En réalité, les reshoots ne changent pas drastiquement un film, puisqu’ils servent avant tout à corriger les derniers défauts, à ajouter du liant entre les scènes ou même à ajouter du temps à certains personnages. Fait amusant, les effets des reshoots sont visibles dès la deuxième bande-annonce, notamment avec le personnage de Saw. Des changements capillaires, notamment.

Images du premier teaser :

screenshot-1

Images de la bande annonce d’août : MAGIE ! DES CHEVEUX !

screenshot-2

Les cheveux, c’est bien, mais ce n’est pas le cœur du problème. Les reshoots ont été réalisés pour rendre le film plus fun, plus léger, selon les premières rumeurs qui évoquaient également des projections test catastrophiques. Néanmoins, Edwards est revenu rapidement sur le problème dans les colonnes d’Entertainment Weekly, expliquant que ces prises de vues additionnelles, supervisées par Tony Gillroy, étaient prévues avant même le tournage principal et que le ton du film resterait sombre. Sur ce dernier point, la chose a été confirmée par le dernier trailer en date.

Et le montage ? Certains évoquaient un Edwards dépossédé de son oeuvre sur cet aspect, comme ce fût le cas pour Suicide Squad. Néanmoins, les choses sont différentes sur Rogue One.

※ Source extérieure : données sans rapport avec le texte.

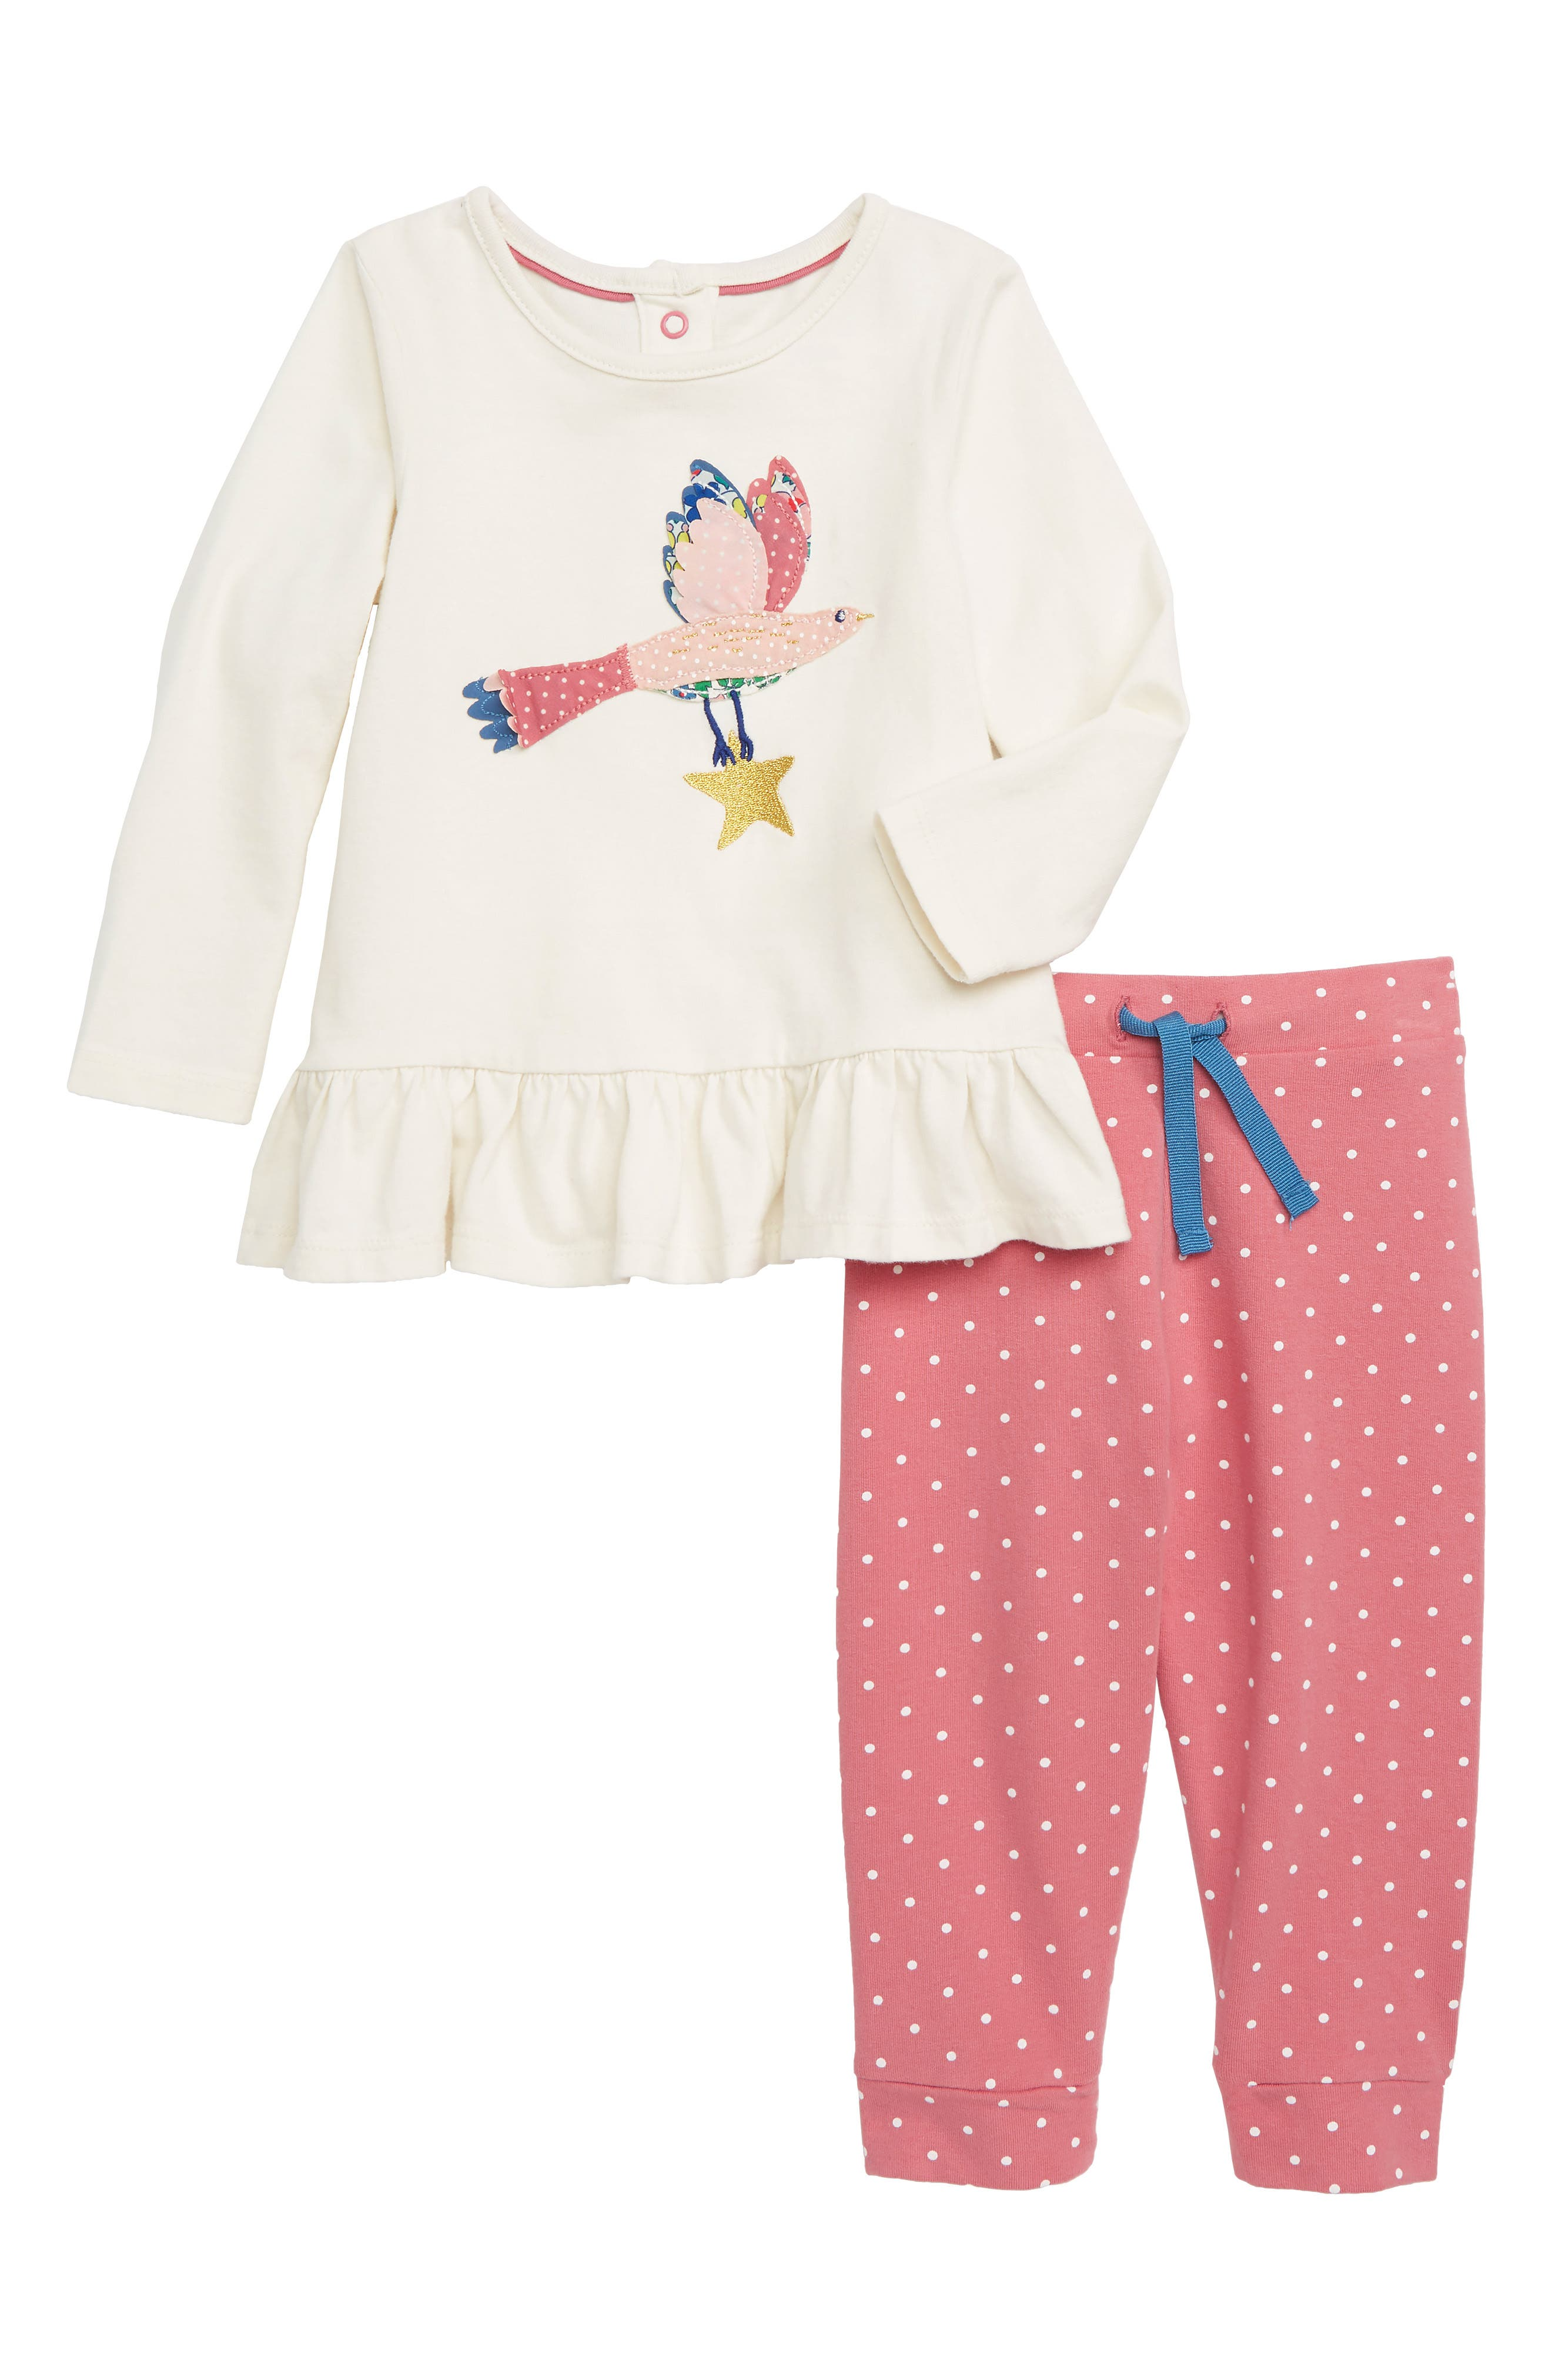 Toddler Girls Mini Boden Magical Applique Tee  Leggings Set

Le montage a bien été confié à Tony Gillroy (vous savez, le gars des reshoots), mais pas totalement. En effet, il a collaboré avec Edwards sur le montage du film. Et les deux bonhommes se connaissent bien, puisqu’ils avaient déjà collaboré ensemble sur le film Godzilla.

Faut-il donc s’affoler de tant de péripéties ? Pas vraiment. Chaque film, qui plus est un blockbuster, passe entre des dizaines, voire des centaines de mains avant d’arriver dans les salles. Les reshoots peuvent être salvateurs, pour rendre un film cohérent, ou au contraire le rendre plus bordélique. Pour le cas Rogue One, il faudra attendre de voir le film pour juger.

Et l’avis de Gareth Edwards, dans tout ça ? Le réalisateur a tenu à rassurer les fans lors de notre interview :

(Les reshoots) c’est plutôt normal en fait. Même pour Monsters, mon premier film, nous avons tourné une grande partie du film puis nous sommes revenus pour les détails. Ça a toujours fait partie du plan et je pense que la réalisation de films est maintenant moins linéaire avec toute la technologie. (…) Et le film qui va sortir est le film que nous avions imaginé au tout début.